Thoughts Vs. Action in Hamlet’s Character

The idea that thought prompts action is pretty simplistic and universal, but it hinges on the assumption that your thoughts are in alignment with your psyche. When thoughts and inclinations collide we take the most comfortable route neglecting what the consequences are and make the less than optimal decision. In order to execute perfect revenge, there has to be that Age Old paradigm of An Eye For An Eye, A Tooth For A Tooth lodged in your soul. Thoughts: which in Hamlet concerns retaliationhas to have a mechanism of self-righteous equivocation in order for those thoughts to coalesce into Action. When a common man thinks, he uses reason and understands and acknowledges the consequences of his behavior.
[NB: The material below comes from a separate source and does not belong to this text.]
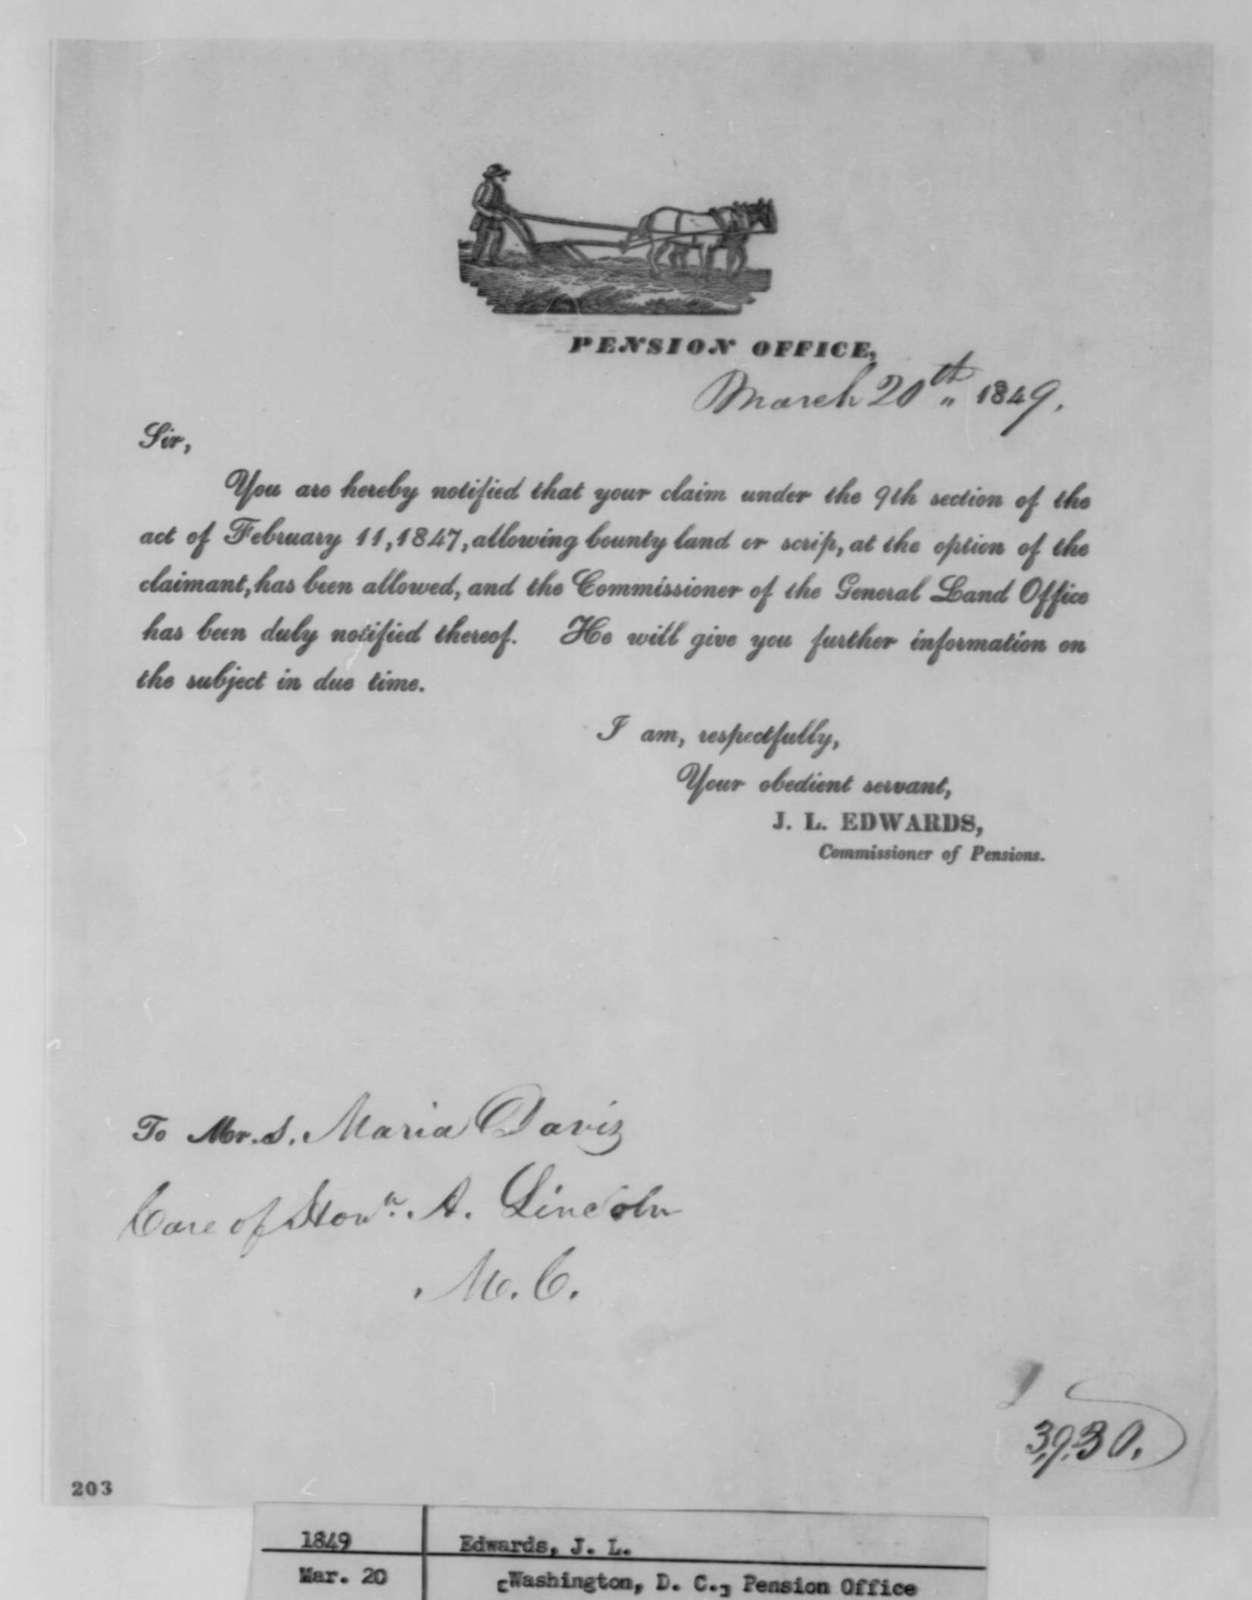 James L. Edwards to Maria Davis, Tuesday, March 20, 1849  (Bounty Land Claim)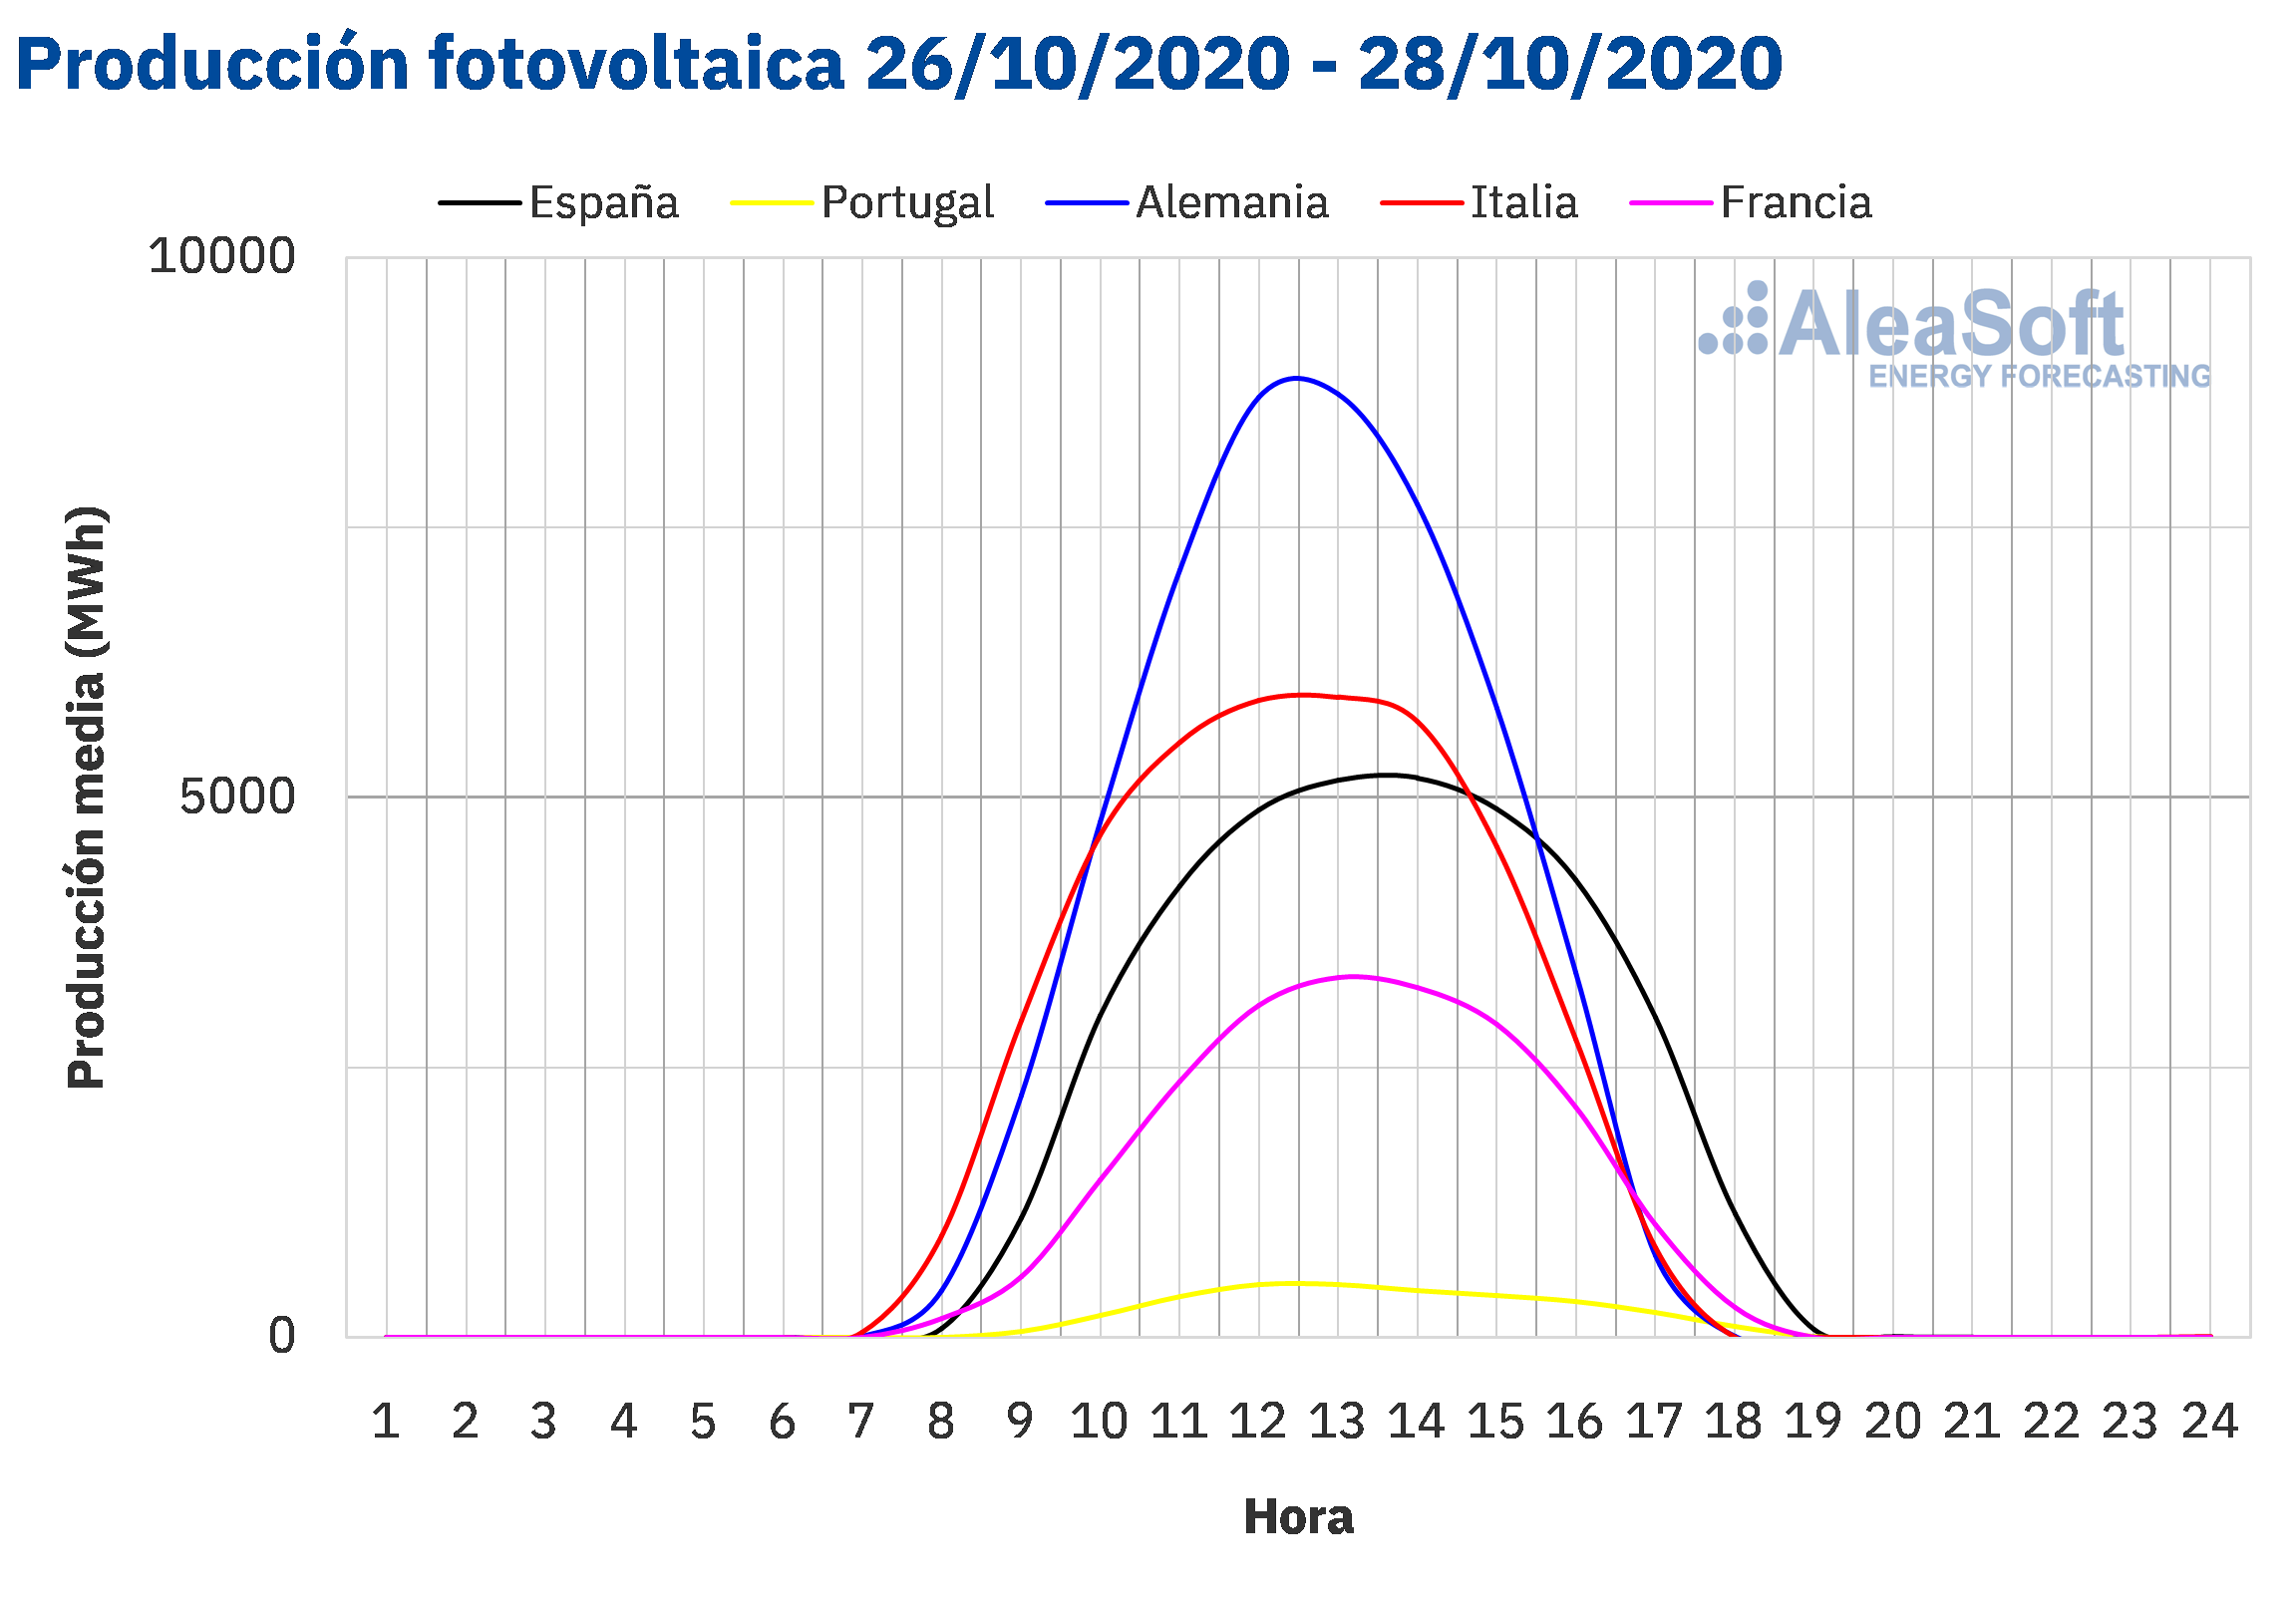 AleaSoft - Perfil de producción solar fotovoltaica de Europa

Hamlet is the opposite. He doesn’t consider consequences. He lusts for revenge in his thoughts but little in his actions. When he stabs through the arras, he acts without being able to see who was actually behind it; perhaps to diminish the chance of charges of Treason or to prevent an escape by an eavesdropper of his heretic clammering. Whichever the case what Hamlet neglects to realize is: that even if it turned out to be someone else, namely Polonius, behind the arras, his son would want to revenge that murder just as much as Hamlet wants to revenge his fathers. This abominable rashness of Hamlet’s is his demise. Laertes is the one who kills the Prince. Hamlet had the intention of killing the King but lacked the courage to consider the outcome of stabbing through a concealed barrier. As Horatio says when all is said and done;

Purposes Mistook Fallen On The Inventors’ Heads.